Speaking today at a panel sponsored by the Brookings Institution and the Pew Center for Global Climate Change, scholars and policymakers attempted to find new ways to address climate change both in the United States and abroad.
James Connaughton, chairman of the White House’s Council on Environmental Quality, supplemented Secretary of Abraham’s earlier discussion of U.S. technology programs by fleshing out a broader array of policies that the Bush Administration is supporting.
Among them:
- the progress being made through various bilateral and regional climate change agreements with key allies and emitters.
- the Administration’s “Clear Skies” initiative and the energy bill before the Congress that Connaughton said promises to lessen air pollution and reduce the rate of growth of greenhouse gas emissions.
- the Bush Administration backing of stronger fuel efficiency or CAFE standards for SUV’s.
- the Administration’s support for forests and farmland that sequester carbon in the ground, another policy likely to help slow the concentration of greenhouse gas emissions in the atmosphere.
- U.S. leadership on international climate change. Connaughton said that half of all international investment in climate science is invested by United States.
Connaughton said that it was time to “get past” the Kyoto treaty, the international agreement on climate change that the Bush administration has refused to support, much to the chagrin of many both at home and abroad. Connaughton said that U.S. support of the treaty would simply “shift pollution someplace else,” where emission standards might not be as strict as the United States.
Other panelists agreed that Kyoto was largely a dead issue in the United States, including Brookings Senior Fellow Nigel Purvis, who said the U.S. should pursue parallel approaches to international cooperation in the United Nations because new treaties may not be able to muster the sixty-six votes needed to ratify the treaty. Purvis dissented from Connaughton, however, by calling for mandatory domestic climate change regulation, such as a ‘cap and trade’ system. Elliot Diringer, director of the Pew Center’s International Strategies, concurred and suggested that new negotiations should focus on the major emitters. He said any international agreement on climate change must be in the national interest of major participants including the U.S.

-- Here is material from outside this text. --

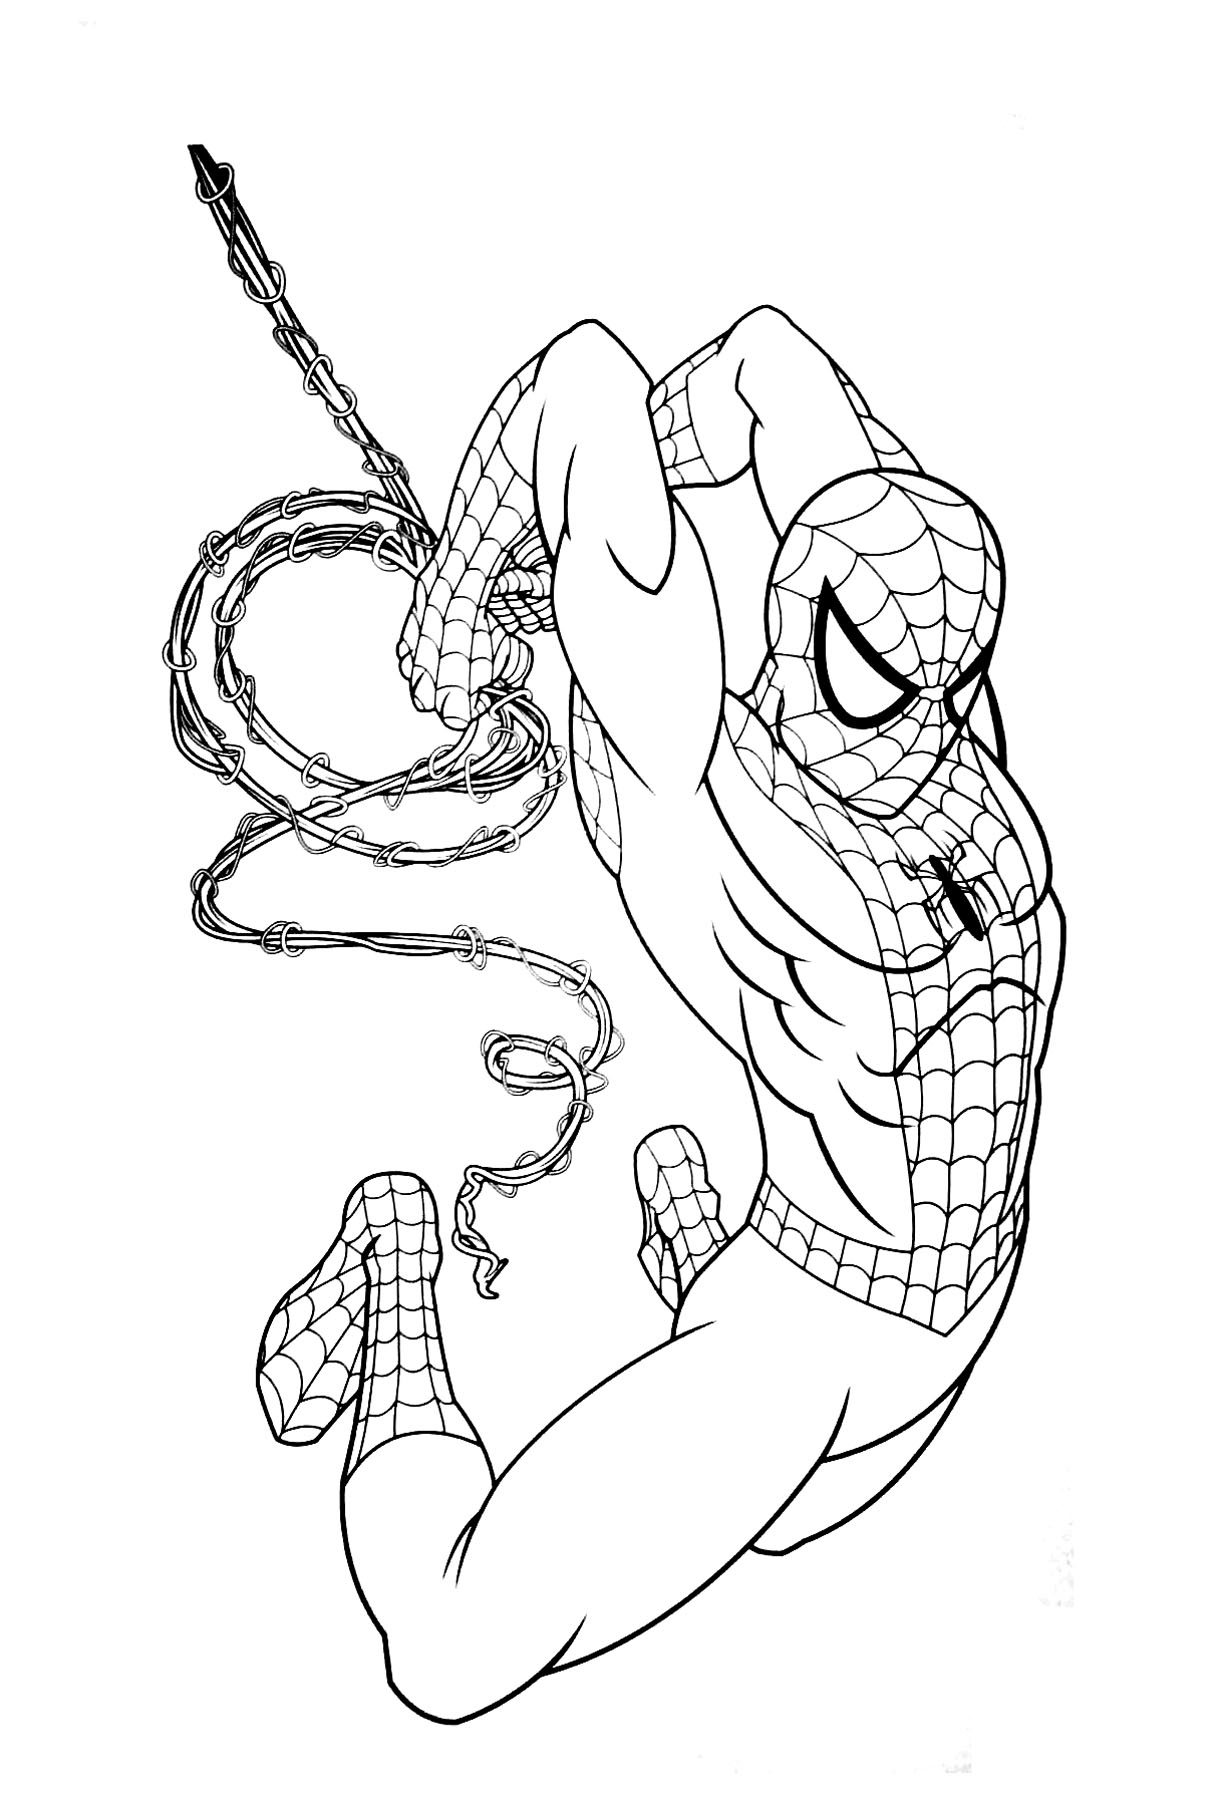 Spiderman free to color for children Spiderman Kids Coloring Pages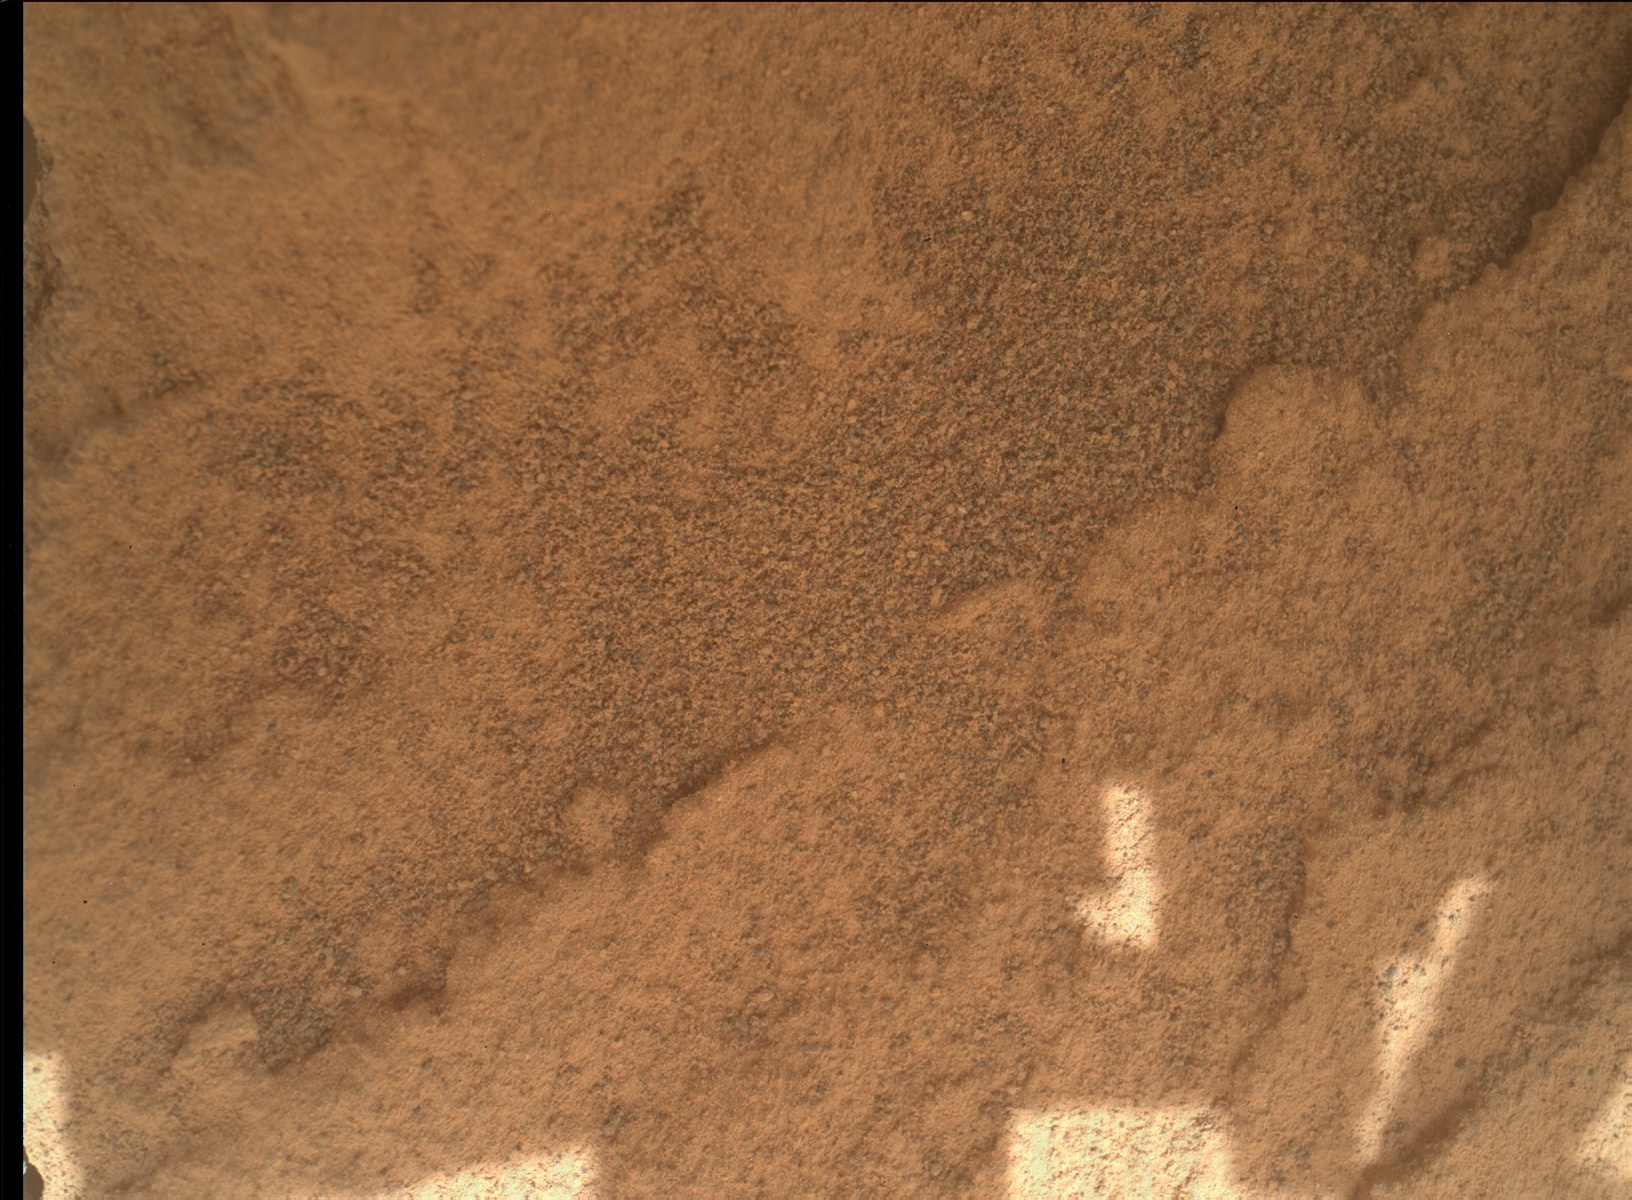 Nasa's Mars rover Curiosity acquired this image using its Mars Hand Lens Imager (MAHLI) on Sol 3465

Congressman Wayne Gilchrest (R-MD) said that, within the House “very few members are focused on climate change.” He remained upbeat, however, saying that as members become more engaged on climate change and learn the facts of the issue that they will do the right thing.
Given that political reality, panelists took turns trying to come up with a sensible strategy on climate change that would resonate not only at home, but abroad as well.
Technological advances in providing cleaner energy had the greatest potential to reduce pollution, according to panelists, because human consumption patterns would likely remain unchanged and developing countries would tap their significant coal reserves regardless of the environment impact.
“To ask developing countries not to use their coal reserves is a sheer fantasy,” World Bank Group President James Wolfensohn said. “It’s not going to happen, and it’s hypocritical for industrialized nations to make such a request.” Wolfensohn said that the issue of climate change disproportionately affected developing countries and called it a “real crisis.” The solution, according to Wolfensohn and others, lay in using technology to make economic growth and development as clean as possible.
British Energy Minister Stephen Timms put an equal amount of faith in technology’s promise, but cautioned panelists from placing too many eggs in one basket.
“Technology is critically important,” Timms said, “but on its own it isn’t enough.” Timms said that citizens, governments, and businesses everywhere had to be committed to climate change in order to truly make a difference. He highlighted the ambitious goals the UK government has set for itself to tackle climate change and move towards a decarbonized economy, including the country’s long-term goal of reducing carbon dioxide emissions by 60 percent by 2050 and the more immediate goal of increasing the share of electricity provided by renewables to 10 percent by 2010. Timms spoke of his own region’s struggles against climate change, including the massive floods endured throughout Europe in 2002 and last year’s heat wave that claimed the lives of nearly 20,000 people.
Ultimately, panelists agreed that environmental progress would not be achieved through command and control regulatory systems that mandated particular kinds of technology. Governments could, however, make it easier for market-based mechanisms to lead the way.